Apesar da trombose associada a infeção por CMV ser rara, nos últimos anos têm sido reportados vários casos de trombose da veia porta em contexto de infeção aguda, nomeadamente em indivíduos imunocompetentes5. A incidência de trombose nos doentes internados com infeção aguda por CMV situa-se nos 6,4%, mas acredita-se que este valor possa ser subestimado uma vez que não se exclui por rotina trombose nos doentes com citamegalovirose6. A citólise hepática ou quadros de hepatite aguda, em contexto de infeção vírica, tal como a citomegalovirose, parecem predispor à ocorrência de trombose da veia porta7. Quanto aos locais de trombose, um estudo de 2011 conclui que a trombose venosa profunda (TVP) e/ou TEP eram os mais frequentes (53,6%), seguido do território esplâncnico (veia porta, mesentérica superior e inferior) em 25,8% e por fim a trombose esplénica (12,4%), podendo também ocorrer trombose da jugular interna, seios venosos cerebrais, braquial e ázigos8. A trombose arterial é mais rara, mas estão descritos casos de enfarte renal, EAM e isquemia periférica 8.
Caso Clínico
Doente do sexo feminino, 32 anos, caucasiana, enfermeira, com história pessoal de tiroidite autoimune medicada com levotiroxina, e sob contraceptivo oral à base de progestativo (desogestrel).
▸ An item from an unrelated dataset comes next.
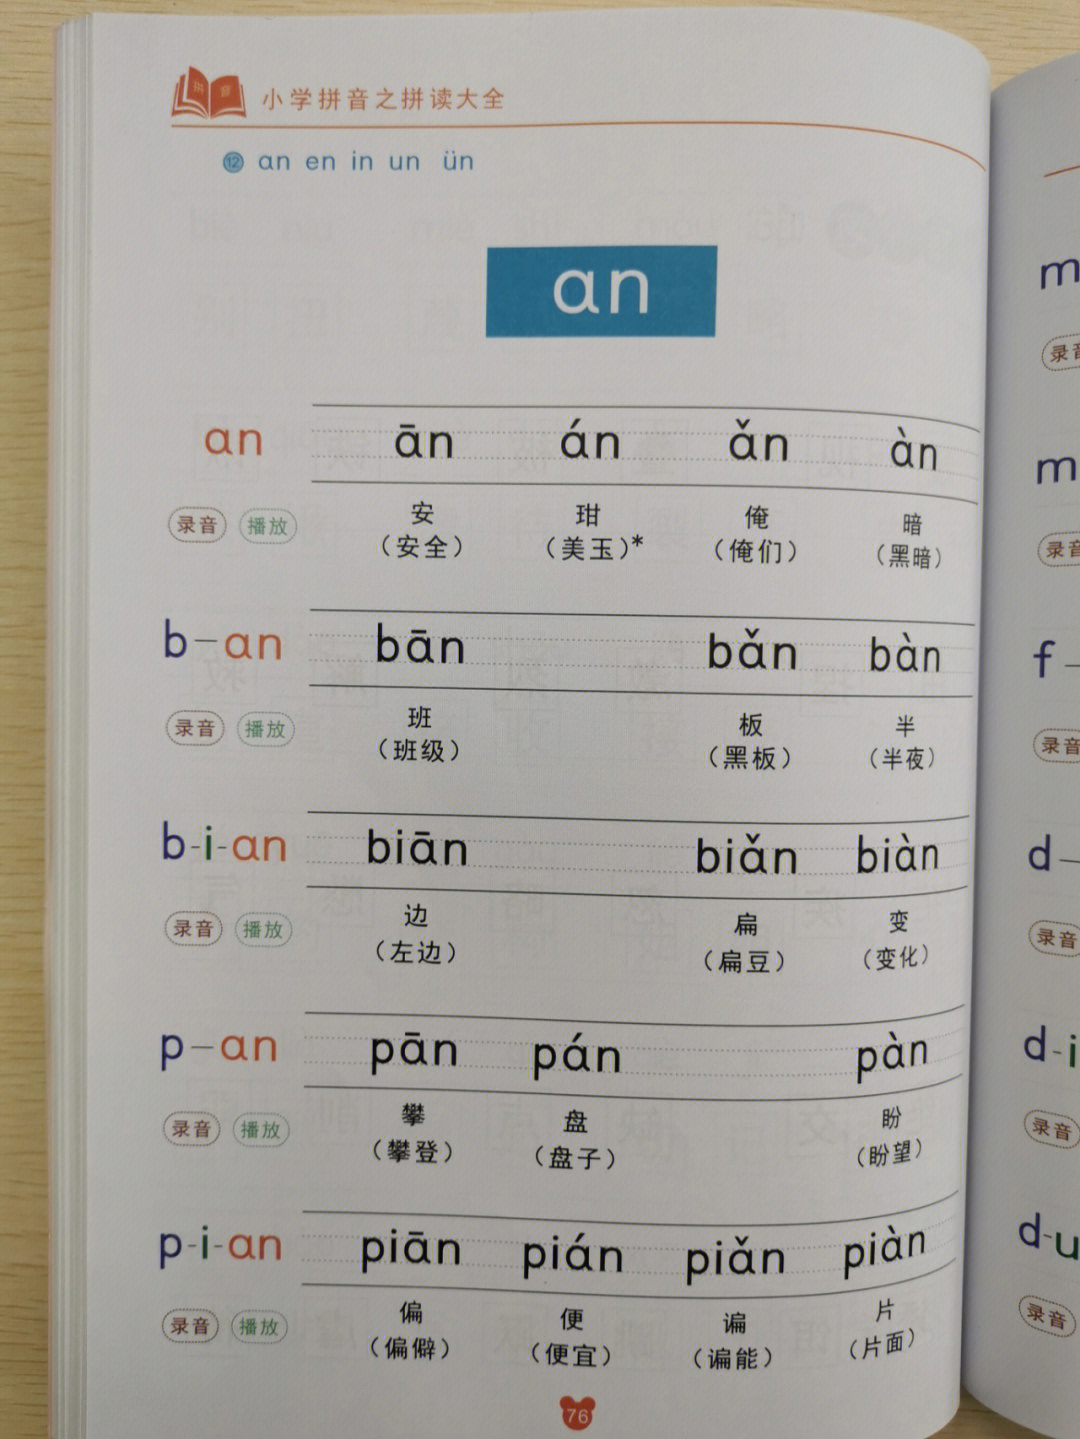 这是这本书中关于拼音an的所有拼读

Salientava-se ainda um parto eutócico há 18 meses. Admitida por um quadro com de 10 dias evolução, caracterizado por febre (38.5ºC-39ºC) com picos de 4 em 4h que cediam mal aos antipiréticos, e toraco-lombalgia direita com características pleuríticas. Tinha já cumprido um ciclo de antibioterapia empírica com amoxicilina/ácido clavulânico e azitromicina durante 8 dias, sem melhoria clínica. Ao exame objetivo encontrava-se febril (39ºC), corada, anictérica, acianótica, sem hiperemia ou exsudados amigdalinos, sem alterações na auscultação cardiopulmonar, com desconforto à palpação profunda do hipocôndrio direito, sem adenomegalias nas principais cadeias ganglionares.
Laboratorialmente apresentava ligeira elevação de parâmetros inflamatórios, com linfocitose e citólise hepática ligeira, sem elevação de bilirrubina total (tabela 1).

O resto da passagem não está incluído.